When U.K. Prime Minister Boris Johnson urged people to stop patronizing restaurants and pubs on Tuesday, the Inn House Brewery in Glasgow, Scotland, was flooded with orders. The shop doesn’t sell beer — it sells home-brewing kits.
With the store’s sales double those on a normal Friday, it’s clear a lot of Britons will be weathering their virus-imposed self-isolation by whipping up their own ales, lagers and stouts.
“People are really stockpiling, and home brewing is no exception,” said Harry Weskin, a sales assistant.
It’s no surprise that the country’s inhabitants are ensuring their supplies of fermented grains remain intact during the crisis. Ever since English brewers started making beer with hops in the 14th century, the drink has become an indelible part of the national character.
Now, Britons’ love affair with a pint or two with friends is colliding with the rapidly escalating infection rate of COVID-19. On Friday, Johnson relented on his bid to keep pubs open and joined other nations in ordering the shutdown of public places, including bars and restaurants. It’s a move some industry leaders had been arguing against all week.
“No one believes pubs should be so crowded that people are standing cheek by jowl in this sort of environment but I think people believe they should be open,” Tim Martin, the founder and chairman of pub chain operator JD Wetherspoon Plc., said on Bloomberg Television on Friday, before Johnson’s announcement. “I think if you can minimize the risk, and people aren’t stupid, they know the risk, then we can stay open.”

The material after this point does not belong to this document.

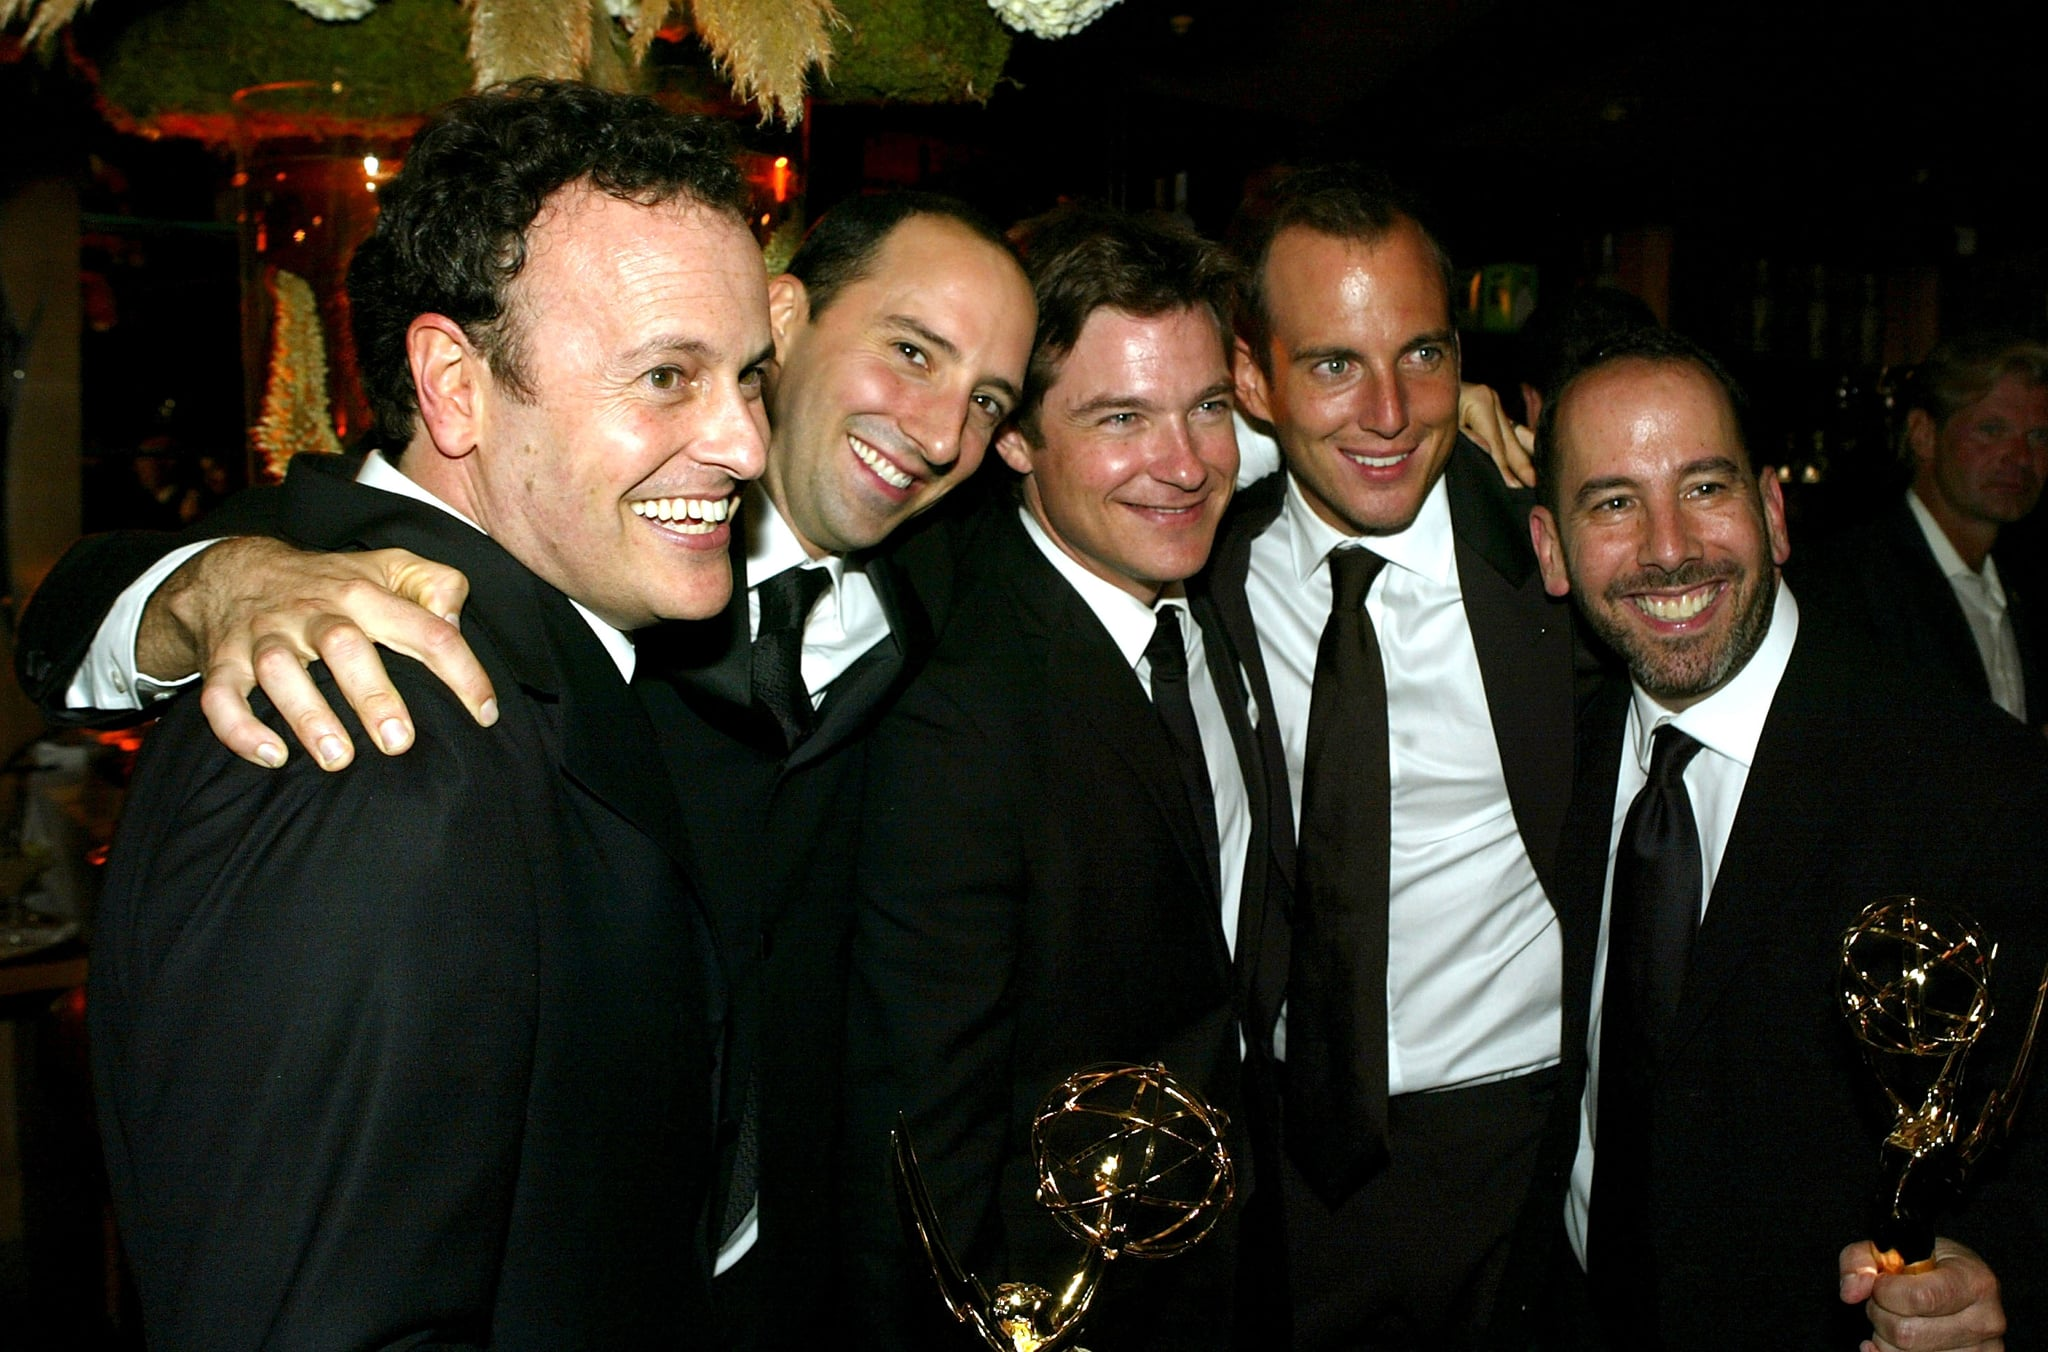 Arrested Development pals Tony Hale, Jason Bateman, and Will Arnett shared a hug in 2004.

Others disagreed. James Watt, the founder and CEO of BrewDog Plc, a Scottish company that sells its craft beer in 60 countries, said he understood he would have to close its 52 bars in the U.K. to protect staff and the public.
Even though BrewDog’s revenue has fallen 70%, he says companies like his can offset some of the damage by delivering beer to customers or offering up curbside pickup at bars.

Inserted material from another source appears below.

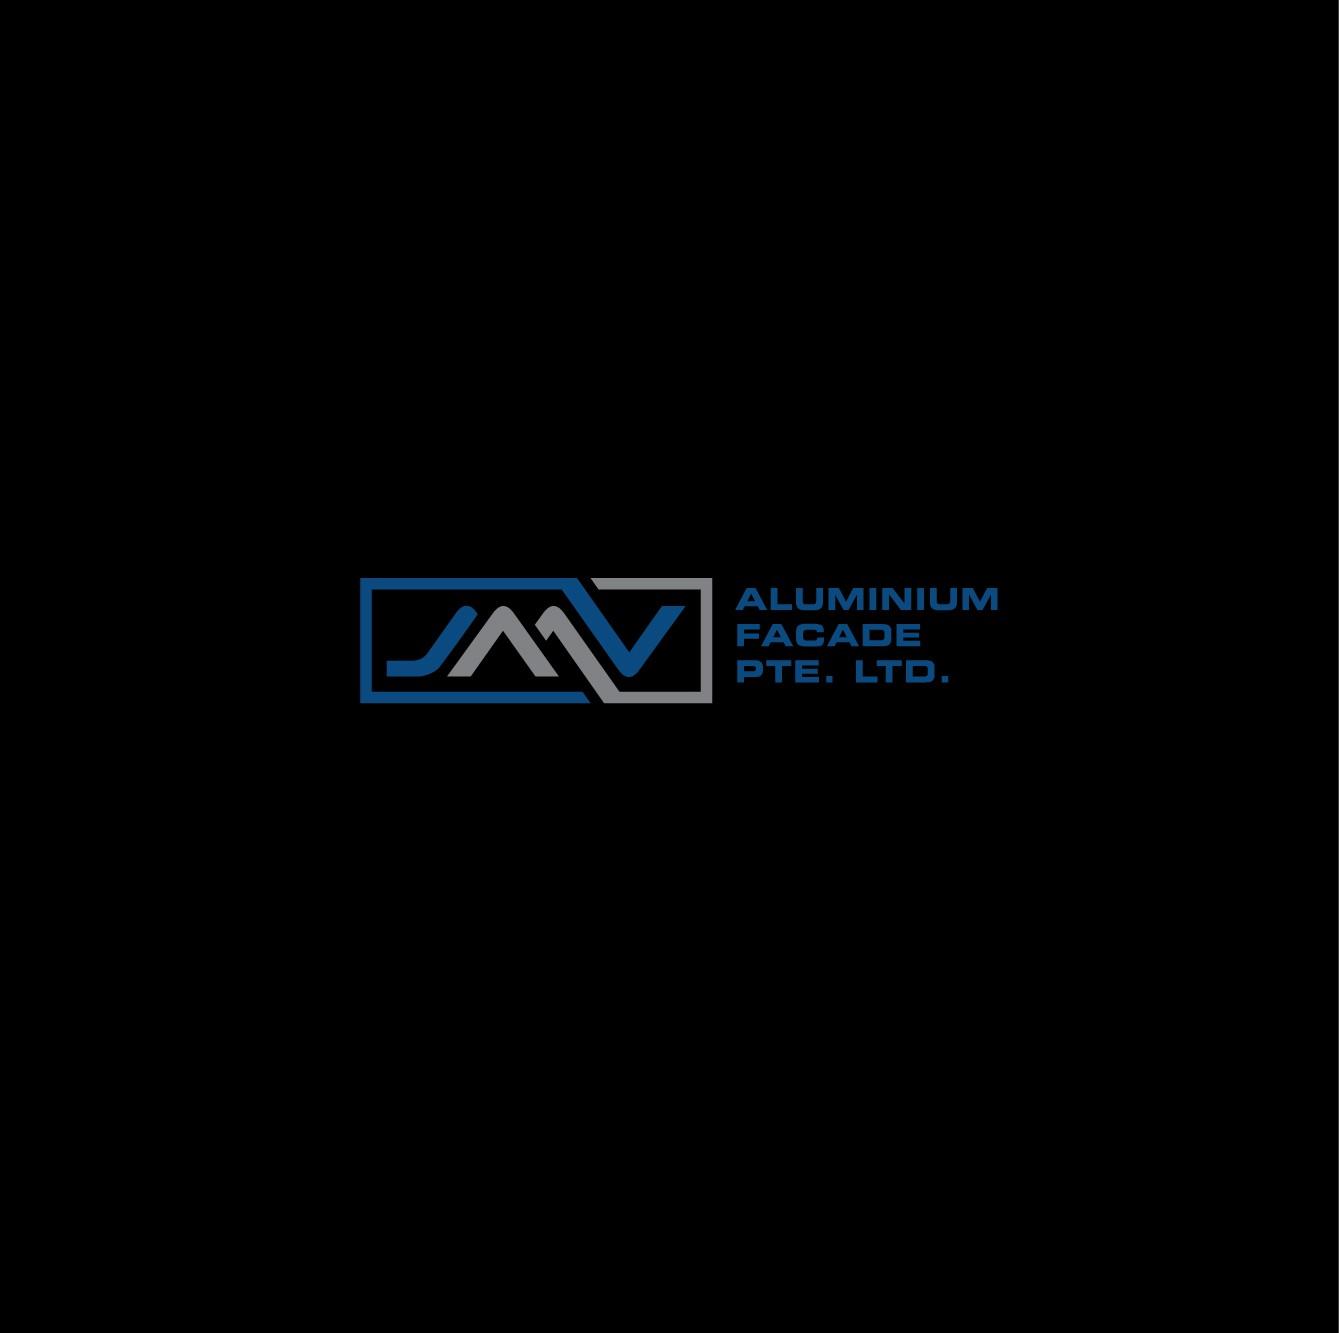 JMV New Logo

That’s a stopgap at best, and Watt said the industry’s independent brewers and pub owners are counting on the government to deliver relief by backstopping wages and implementing tax holidays. This week, Rishi Sunak, the chancellor of the exchequer, unveiled a 330 billion pound ($385 billion) emergency loan program to help businesses get through the crisis.
For local pubs that tend to operate on narrow margins and employ thousands of workers living paycheck to paycheck, the pandemic may spell the end of their businesses even with government support.
Earlier this week, Ben Abrahams, the owner of Victoria Stakes, a gastropub in the north London neighborhood of Crouch End, was hopeful he could remain open, at least part time, and get to the summer when he has a full slate of wedding receptions to host in his wood-paneled dining rooms.
Now, Abrahams has told his staff the place is closing, and he’s pulled the plug on his plan to sell takeaway roast dinners and bottles of beer on Sunday to raise funds for his 50 employees. Instead, with the death toll climbing, he plans to use his kitchen to prepare meals for the National Health Service.
“We should close,” said the pub-owner, “and I am not sure it is the right thing to do. But we are going to see how we can support first responders and the NHS.”